Following From Gestalt Theory to Image Analysis, A Probabilistic Approach by Desolneux, Moisan, and Morel.

Gestalt is a psychology theory of the mind. There is also an image analysis angle as Gestalt is a German word for "form" or "shape". In the introduction the book presents are few Gestalt principles and gives them a mathematical interpretation. One principle I found especially relevant.

Werthheimer’s contrast invariance principle: Image interpretation does not depend on actual values of the gray levels, but only their relative values.

As the book further explains, the principle comes from the fact that one shouldn’t expect or rely on precise measurements of intensity. Here's my example:

The second part of the principle suggests that one should look at the level sets of the gray scale function, as well as upper and lower level sets. In the blurred image above, the circle is still recognizable regardless of the low contrast. Which level set should be chosen to evaluate the size of the circle is ambiguous however. (See examples of image analysis that have to deal with this ambiguity.)

So far, so good. Unfortunately, next the authors concentrate on upper level sets exclusively. This is a common approach. The result is that you recognize only light objects on dark background. To see dark on light will take an extra step (invert colors). Meanwhile dealing with image that have objects with holes (or dark spots on light objects) becomes really messy. Pixcavator's algorithm builds the hierarchy of dark and light objects in one sweep (see Topology graph). To experiment with the concepts, download the free Pixcavator Student Edition.

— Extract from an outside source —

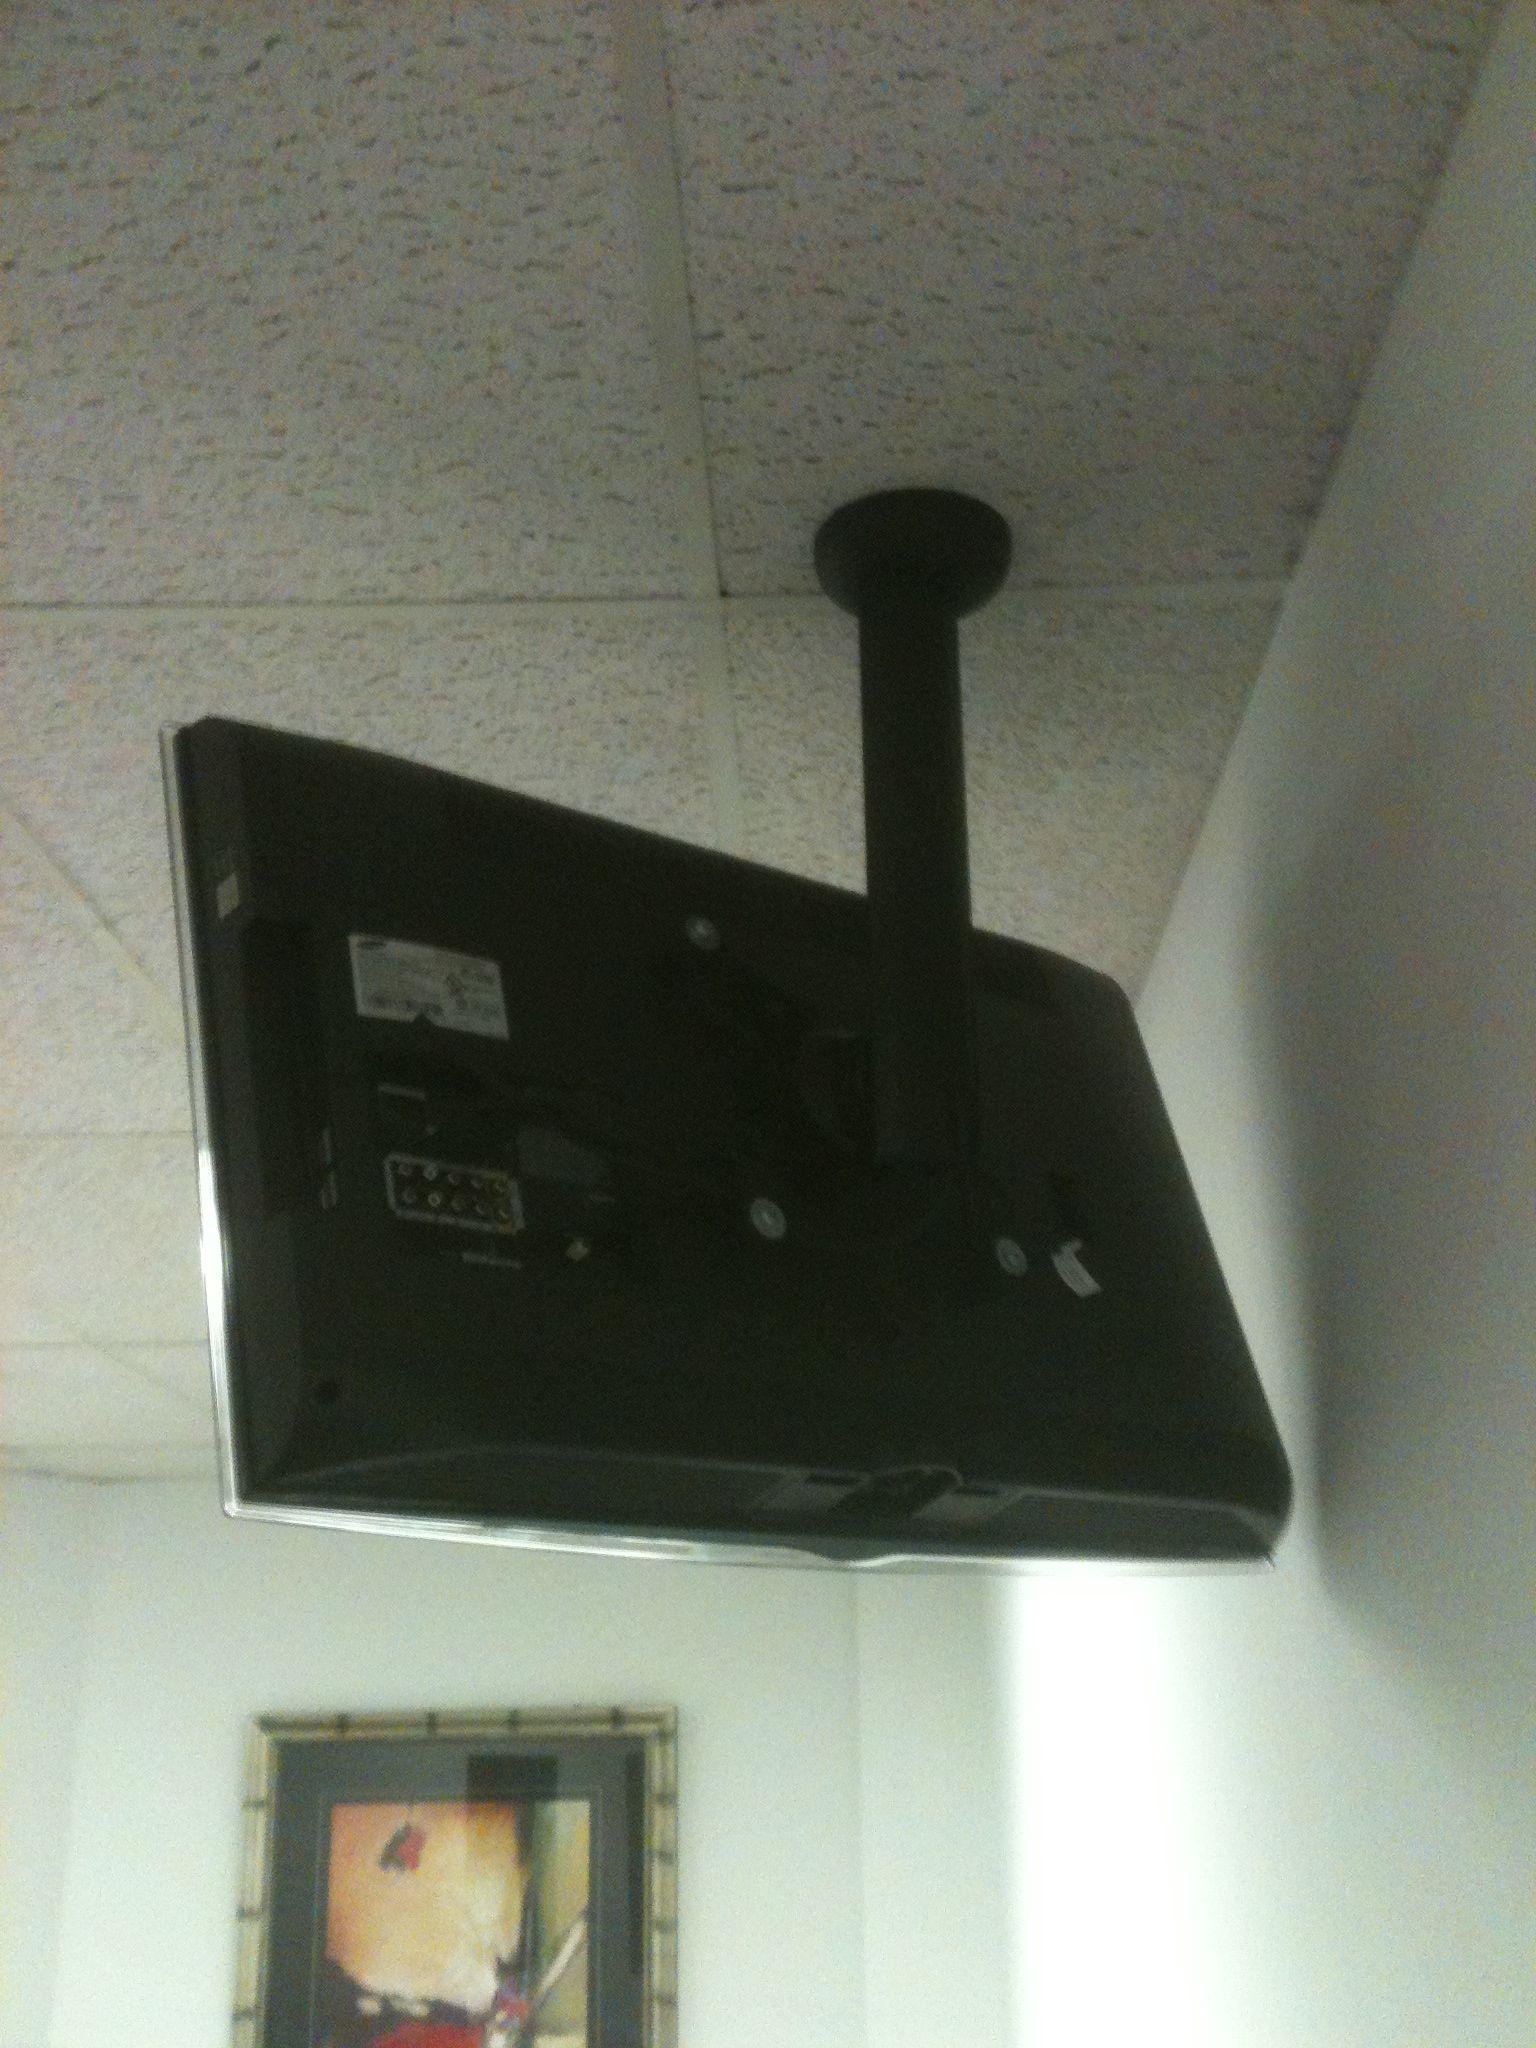 Ceiling Mount Tv Bracket Wires Hidden Inside Downpipe Tv Stand

The book isn’t really about Werthheimer’s principle but another one (more of a definition).

Helmholtz principle: Gestalts are sets of points whose (geometric regular) special arrangements could not occur in noise.

Two Gestalt laws can be used to explain some optical illusions.

The amodal completion law: “[W]hen a curve stops another curve, thus creating a “T-junction”… our perception tends to interpret the interrupted curve as the boundary of some object undergoing occlusion.” This law is also related to the good continuation law.

Penrose triangle and fork are illusions (confusions?) are caused by the perceived depth in the image, locally:

Clearly, this should be interpreted as the assumed differentiability (smoothness) of the first curve...

The perspective law: “Whenever several concurring lines appear in an image, the meeting point is perceived as a vanishing point (point of infinity) in a 3-D scene. The concurring lines are then perceived as parallel lines in space.” (Sounds reasonable, but how come all parallel lines are man-made?)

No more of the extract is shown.